Chael Sonnen might have beaten Tito Ortiz in a college wrestling match nearly 20 years ago, but he doesn’t expect that long ago result to have any bearing on their fight at Bellator 170.
“Tito’s a great fighter. He fights different than he wrestles. He was a hell of a wrestler. I caught him in one position. I’m not gonna hang my hat on that, and I don’t believe that position’s gonna happen again,” Sonnen said. “I’m a huge fan. I’m pumped to be in there with a Hall of Famer like Tito. I’m gonna do everything I can to beat him , but I don’t dismiss how good this guy is.”
Sonnen, who wrestled for the University of Oregon, moved from 177 pounds to 190 pounds to face Ortiz, who competed for Cal State Bakersfield. “The Gangster from West Linn” pinned Ortiz in 44 seconds in their Jan. 23, 1998 match, a date which also happened to be Ortiz’s birthday.

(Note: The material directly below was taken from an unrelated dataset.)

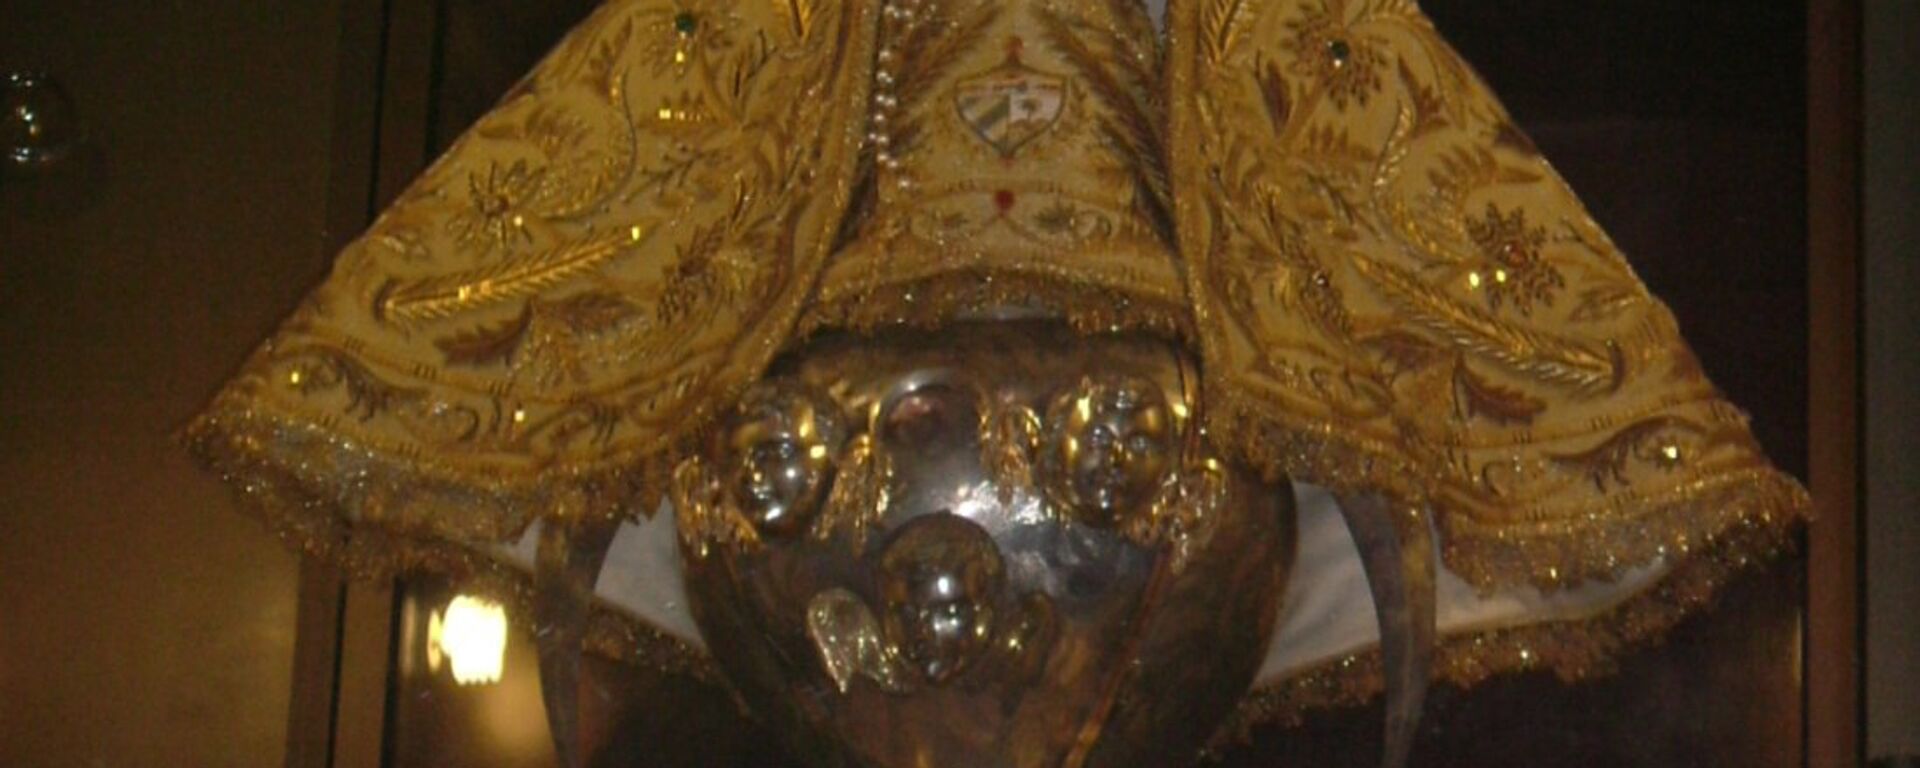 La Virgen de la Caridad del Cobre, en el Santuario de El Cobre. Patrona de Cuba. - Sputnik Mundo, 1920, 08.09.2020

At that point, Ortiz had already begun his Ultimate Fighting Championship career. Sonnen, meanwhile, was of aware of his opponent’s exploits and continued to follow Ortiz as he rose to prominence in the Octagon. The former UFC middleweight challenger was admittedly envious of Ortiz.

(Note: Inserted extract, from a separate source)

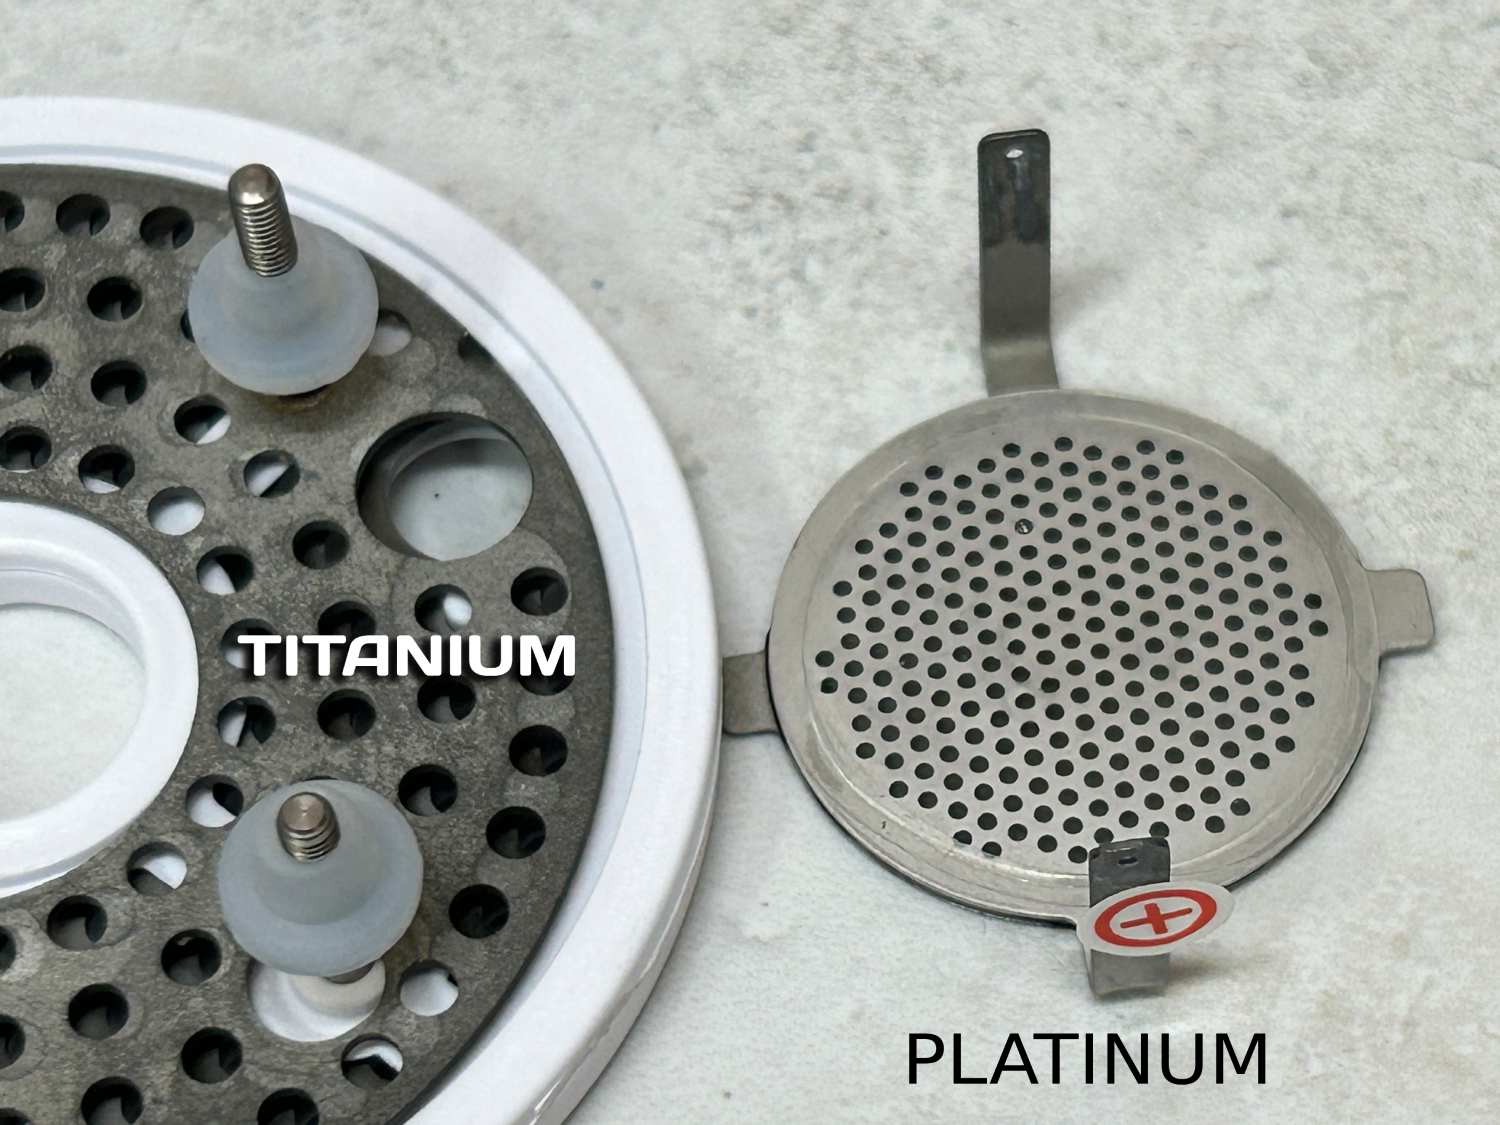 titanium vs platinum electtrodes

“I wanted to be an MMA fighter when I was in college. It was a totally different landscape. People weren’t watching. They didn’t know what it was. To find it on TV was tough, but it survived on the internet. I knew exactly what it was. When Tito and I wrestled he’d already been in the UFC, fought in the tournament,” Sonnen said. “I was a big Tito fan. He had the blond hair, he had the tattoos on the back of his arm. I trained some with Tank Abbott, so I knew all about Tito. I cheered for him and rooted for him in every one of his fights. All of him except this one. That is true.”

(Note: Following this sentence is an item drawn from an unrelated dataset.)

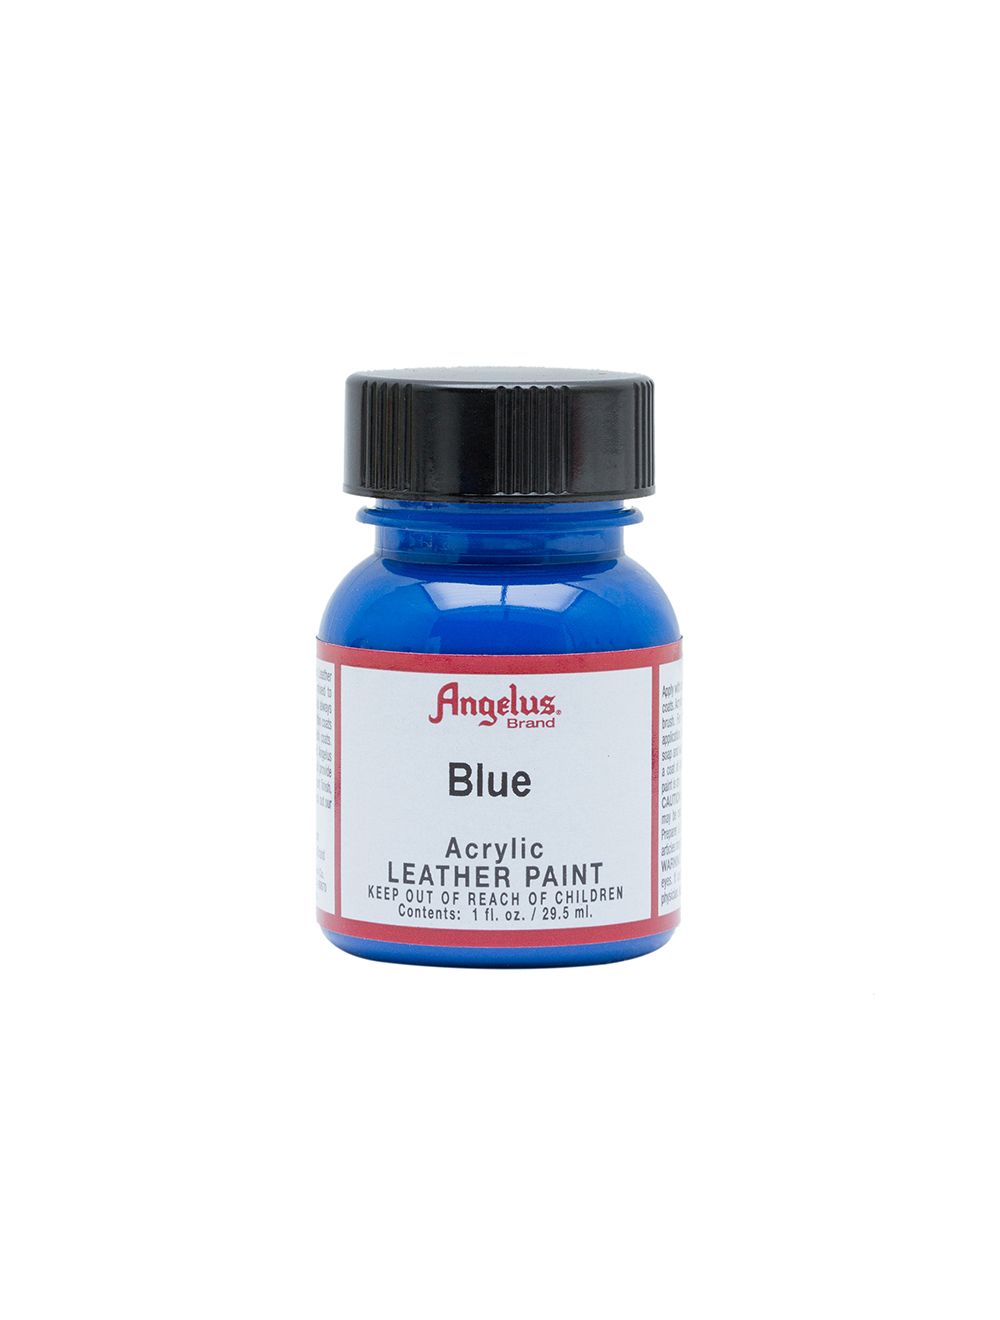 Angelus Acrylic Leather Paint - Blue, 1 oz

“He got out of college before I did. He went on and got his opportunities, and I would always watch him and I was always jealous of him. I still think he’s had a remarkable career and a run. The sport as a whole stayed alive because of Tito Ortiz and his charisma, some of the stuff he did on top of his fighting ability. That’s a true statement. I wanted what he had.”
Sonnen’s UFC debut would not come until 2005, and he regrets not having the opportunity to test himself against a prime “Huntington Beach Bad Boy.” While both men are older now, Sonnen believes his bout with Ortiz on Jan. 21 in Los Angeles will give him a chance to prove who was always the better fighter.
“One of us is better, but it’s been my contention from Day 1 that that’s me. My contention from Day 1 is that I could’ve beat him and all the guys that he beat he never would’ve been champion if I’d been around,” Sonnen said. “ I’ve been telling my fans and coaches this since the 90s. Now it’s time to walk out and prove it. I’m either gonna prove that I’m the best fighter in the world long before I was given my opportunity or I wasn’t. That’s what this match means to me.”